Die Hamas hat wiederholt betont, dass sie keinerlei Absicht hat, ihre Waffen niederzulegen, wie für die "Versöhnungs'-Vereinbarung mit der Palästinensischen Autonomiebehörde zugesichert. Die Hamas ist bereit, eine beschränkte zivile Kontrolle über den Gazastreifen an PA Präsident Mahmoud Abbas abzutreten, hat jedoch gleichzeitig klargemacht, sie werde weder ihren Sicherheitsapparat noch ihren militärischen Arm auflösen. Die Hamas will die Iraner und die Hisbollah in den Gazastreifen lassen, um ein Gegengewicht zu dem Druck durch Abbas und Ägypten und andere Länder zu schaffen, die die Entwaffnung und Übergabe der Kontrolle an Abbas fordern. Wenn Abbas je in den Gazastreifen zurückkehrt, wird er sich nicht nur inmitten der Hamas, sondern auch des Iran und der Hisbollah befinden, die ihn als Verräter und Marionette Israels und der USA betrachten.

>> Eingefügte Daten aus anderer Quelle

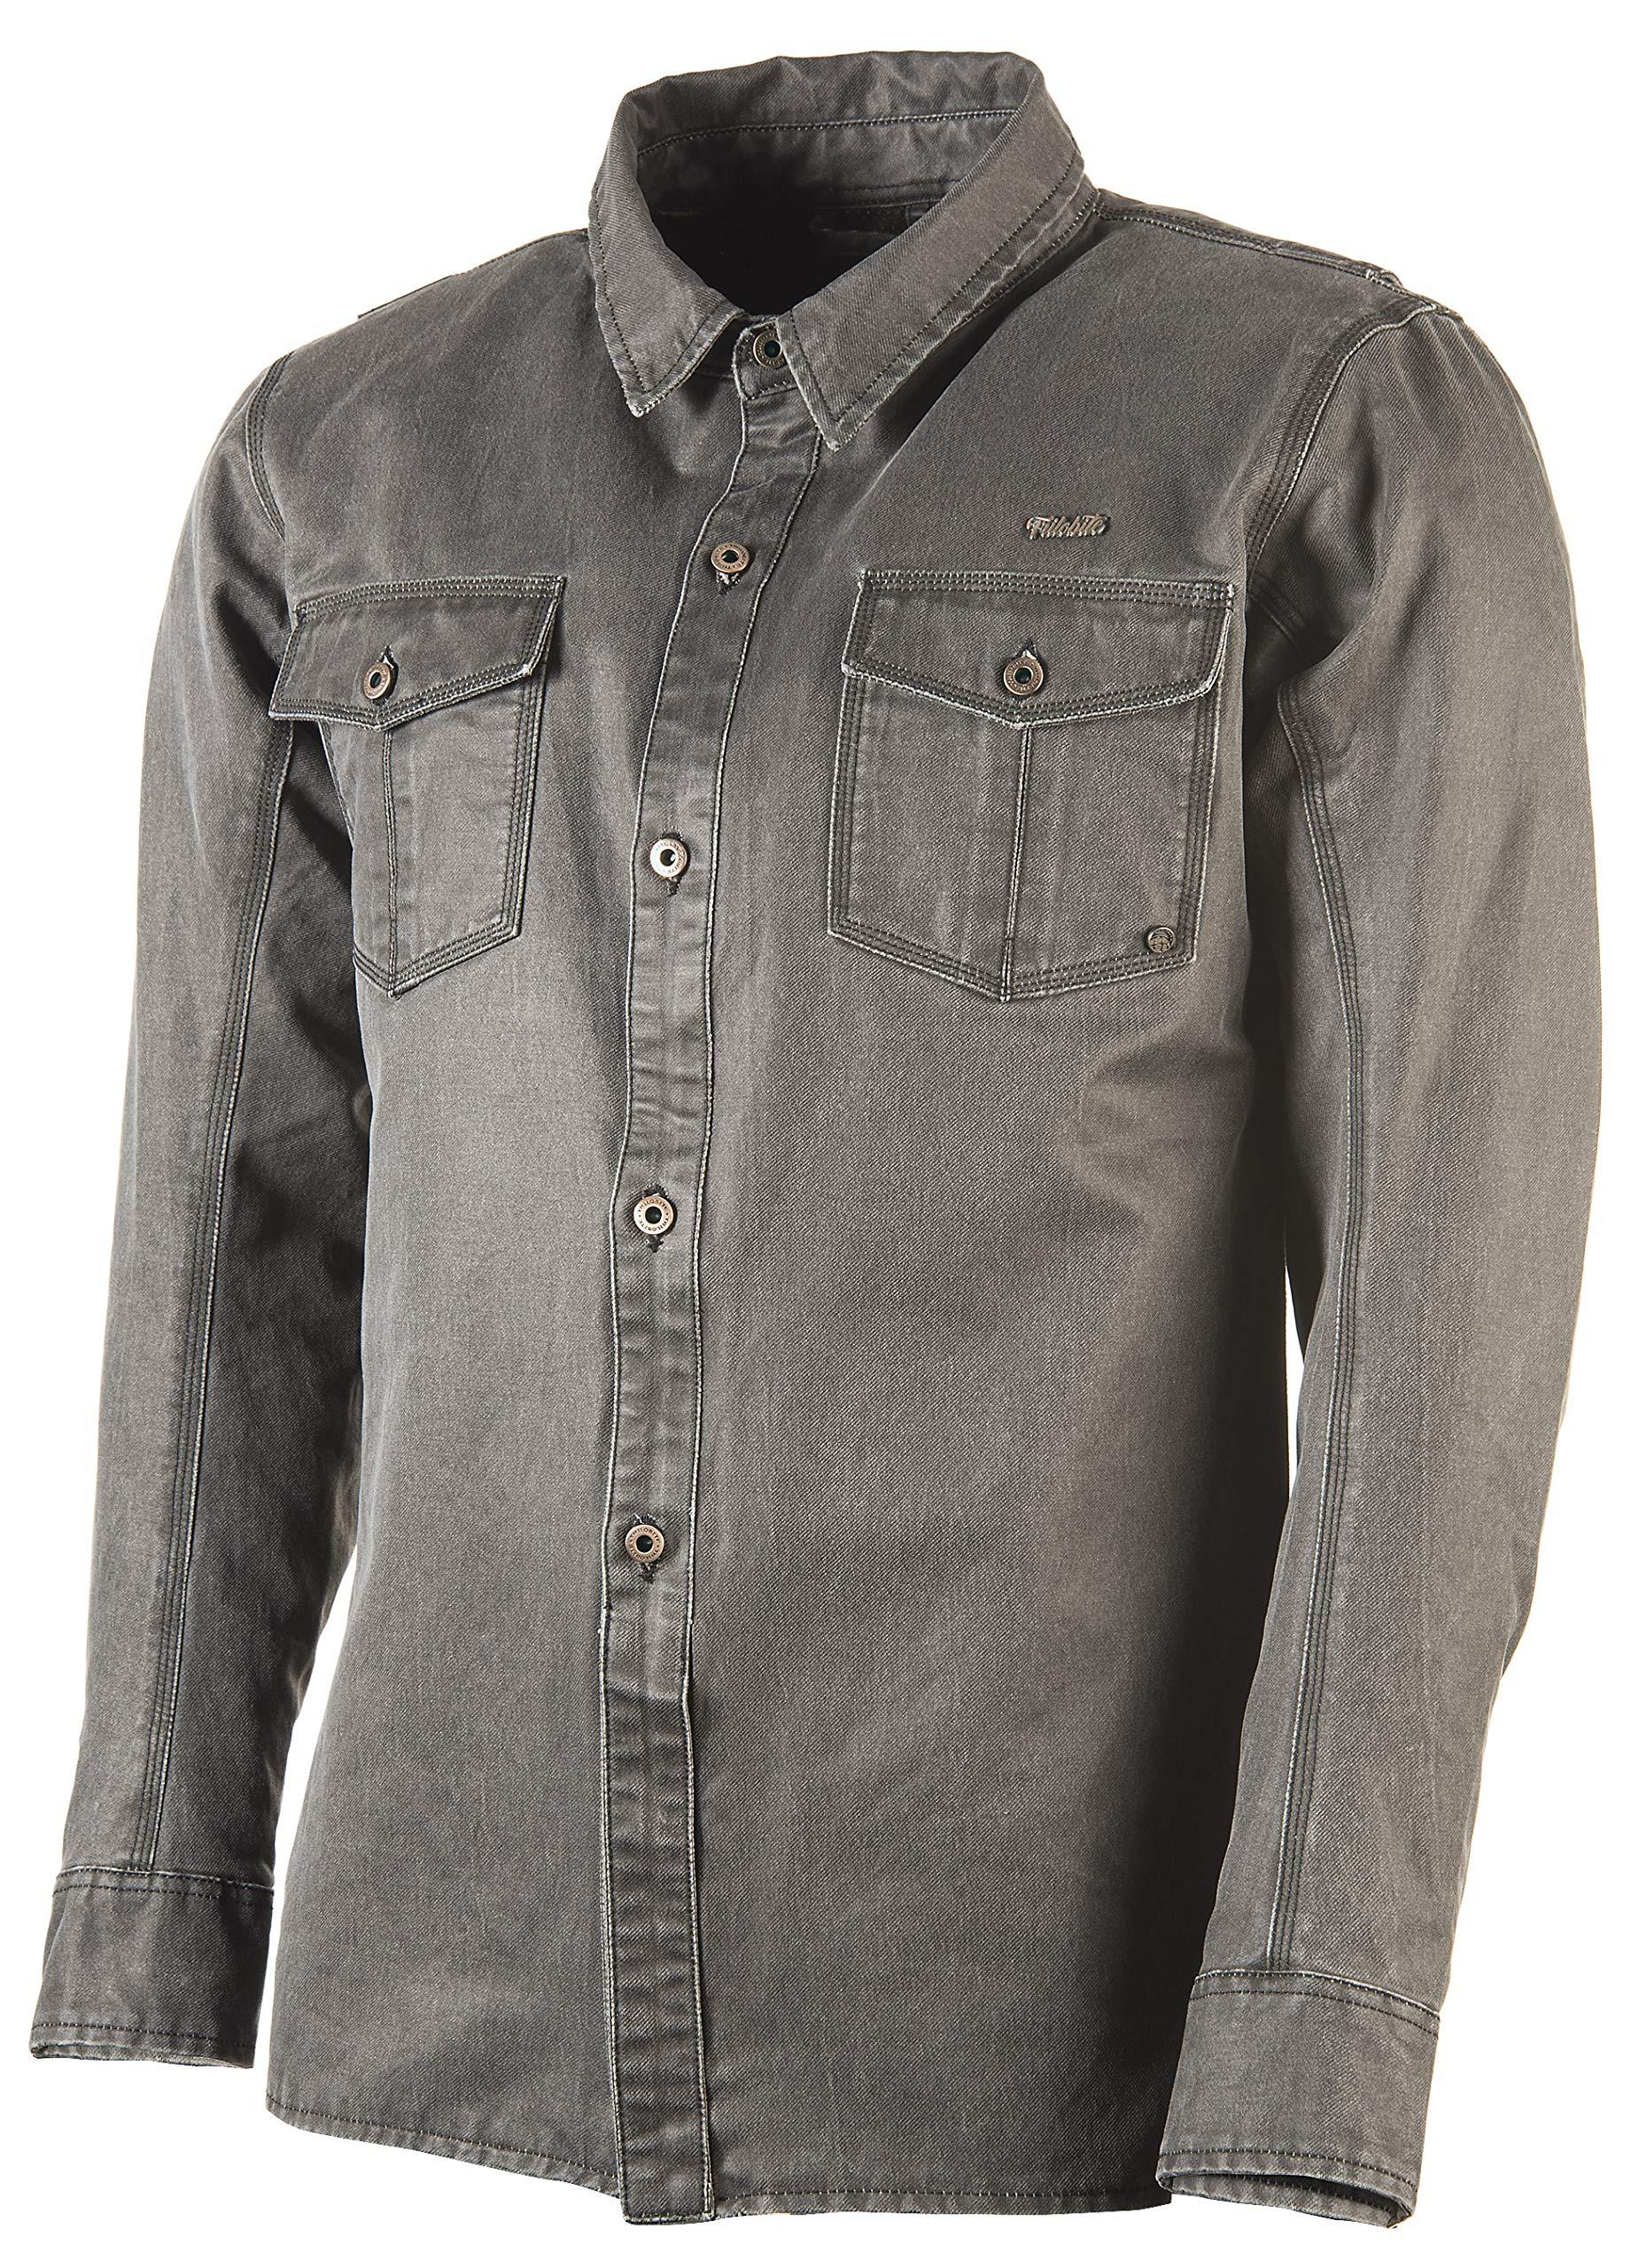 Trilobite 1870 Distinct Shirt (XXLarge) (GREY) by Trilobite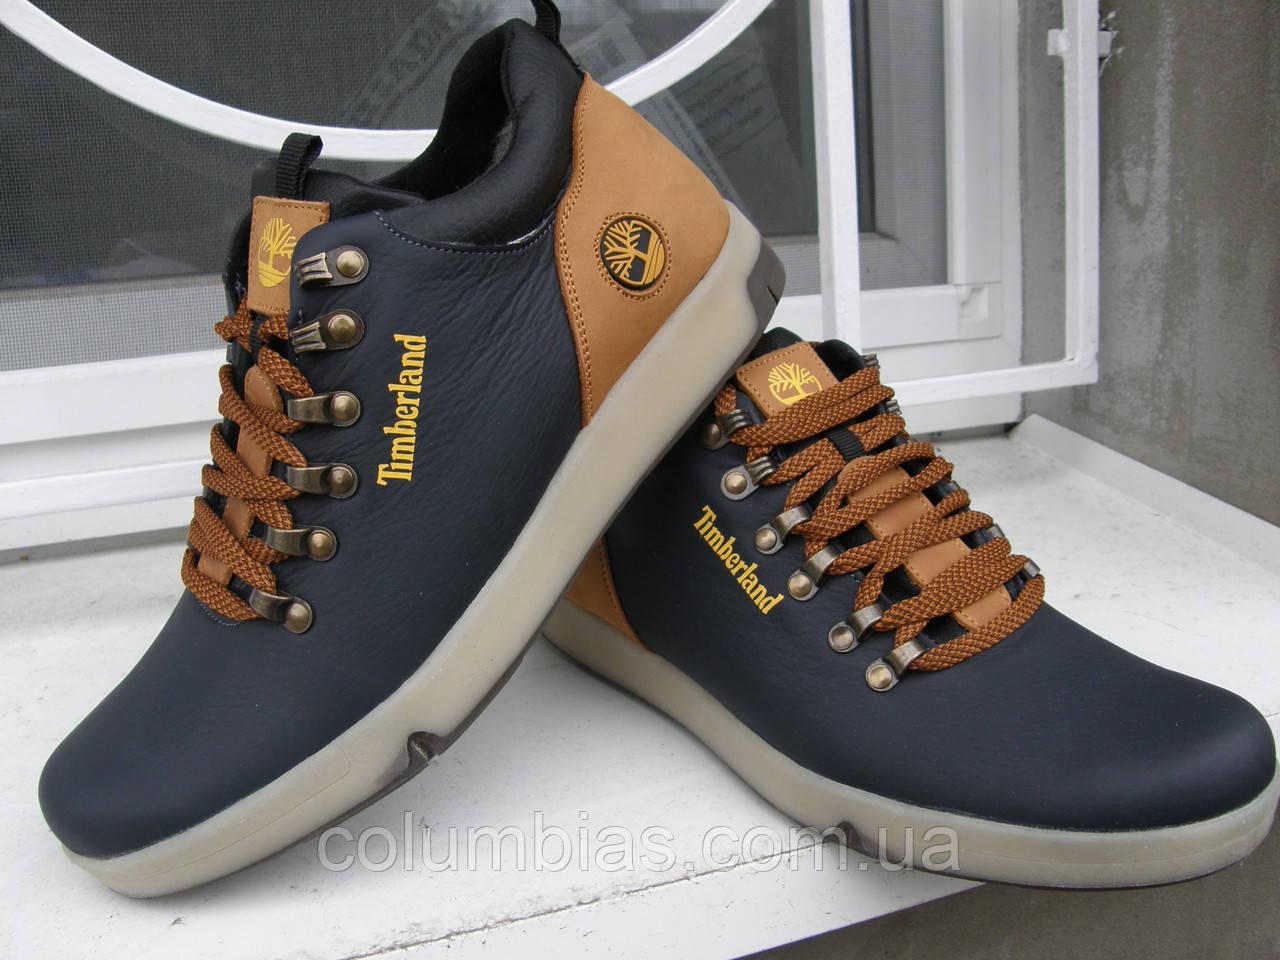 2e9388b2 Спортивная зимняя обувь Timberland - Весь ассортимент в наличии, звоните в  любое время т.

Alarmiert von der erneuten Annäherung zwischen Hamas, Hisbollah und dem Iran zitierte Saudi-Arabien Anfang der Woche Abbas zu dringenden Gesprächen nach Riad. Die Saudis hatten die Besuche führender Hamas-Vertreter im Iran und bei der Hisbollah mit Besorgnis verfolgt und fürchten, Abbas stehe das gleiche Schicksal bevor wie Hariri.
Abbas täte gut daran, den Gazastreifen zu meiden: Iran und Hisbollah arbeiten gemeinsam mit der Hamas an der Schaffung einer "gemeinsamen Front" gegen Israel. Die Entscheidung der Hamas, sich dem Iran und der Hisbollah zuzuwenden, offenbart die Wahrheit: Sie ist nicht auf Mässigung und Pragmatismus aus, sondern auf das genaue Gegenteil. Dies lässt nichts Gutes ahnen für die Bemühungen der aktuellen Trump-Regierung, Frieden im Nahen Osten zu erreichen.
Wenn der Iran und die Hisbollah nicht daran gehindert werden, ihren Einfluss und ihre Kontrolle auf den Gazastreifen und andere arabische Länder auszudehnen, sind die Aussichten auf Frieden eher düster. Tatsächlich sind die Aussichten auf Krieg sehr viel naheliegender, während sich Iran, Hisbollah, Hamas und der Palästinensische Islamische Dschihad in der Mitte treffen, um ihre Pläne für den Krieg gegen Israel zu besprechen. Werden Iran und Hisbollah nicht gestoppt, heisst das, dass sich Abbas möglicherweise schon bald Seite an Seite mit Hariri in Saudi-Arabien verstecken wird.
Khaled Abu Toameh ist ein preisgekrönter arabisch-israelischer Journalist und TV-Produzent.